A deep-learning algorithm is more efficient, quicker and cheaper for drug development since the deep layers of the model can learn more about the data and make accurate predictions (Zhang et al., 2020). We, therefore, believe that the combined implementation of such machine learning techniques as a drug development pipeline has applications in therapeutic drug targeting. Other than the field of drug discovery, deep learning approaches are also being utilized in the field of the scoring function. Jimenez et al. constructed a general-purpose scoring function KDEEP via 3D-convolutional neural networks (Jimenez et al., 2018). Deep-learning has also proven effective in numerous fields such as natural language processing (NLP), clinical investigation, image-processing, computer vision, computer games, self-driving vehicles and so on (Esteva et al., 2019; He et al., 2018). Healthcare, clinical issues and drug development also benefit tremendously from deep learning methods due to the exponential rise in biomedical data (Esteva et al., 2019; He et al., 2019). Deep-learning models for medical diagnosis have achieved physician-level and presented a positive application outlook (Esteva et al., 2017; Lin et al., 2018; Long et al., 2017).

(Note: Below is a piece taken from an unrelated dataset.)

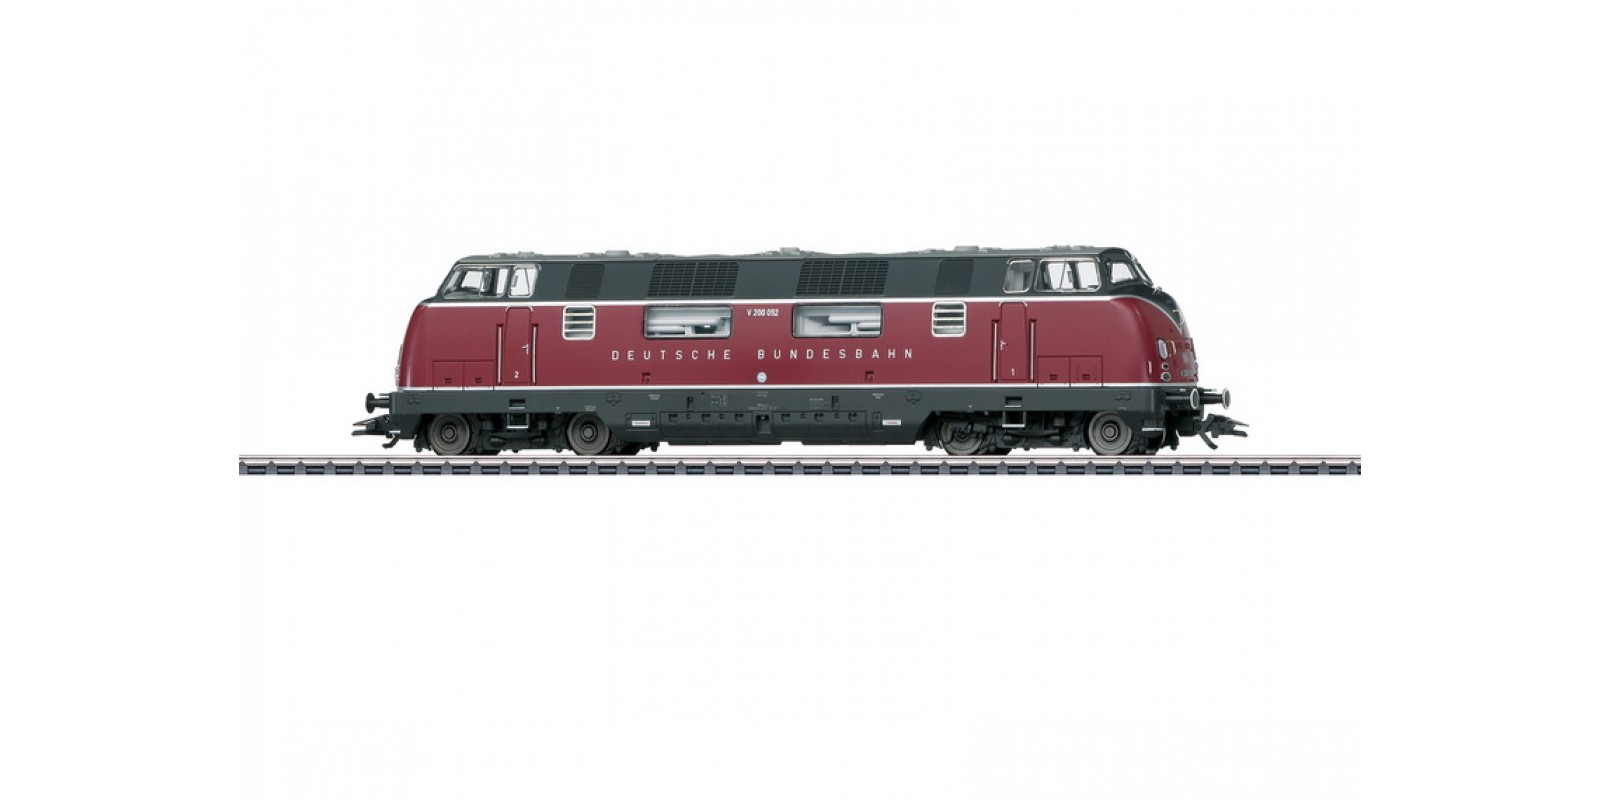 37806 Class V 200.0 Diesel Locomotive

However, the use of deep-learning approaches in drug discovery and chemical biology is restricted due to the scarcity of data, data analysis and lack of user-friendly deep-learning software. Recently, Liu et al. developed a user-friendly web server, DeepScreening (http://deepscreening.xielab.net) with the integration of a deep learning algorithm, which utilizes either the public or user-provided dataset to help biologists or chemists to perform virtual screening either the chemical probes or drugs for a specific target of interest (Liu et al., 2019). Using DeepScreening web server, we could create a deep-learning model and generate the target-focused de novo libraries. Constructed classification or regression models may then be used for virtual screening against de novo libraries or different chemical libraries offered on the server.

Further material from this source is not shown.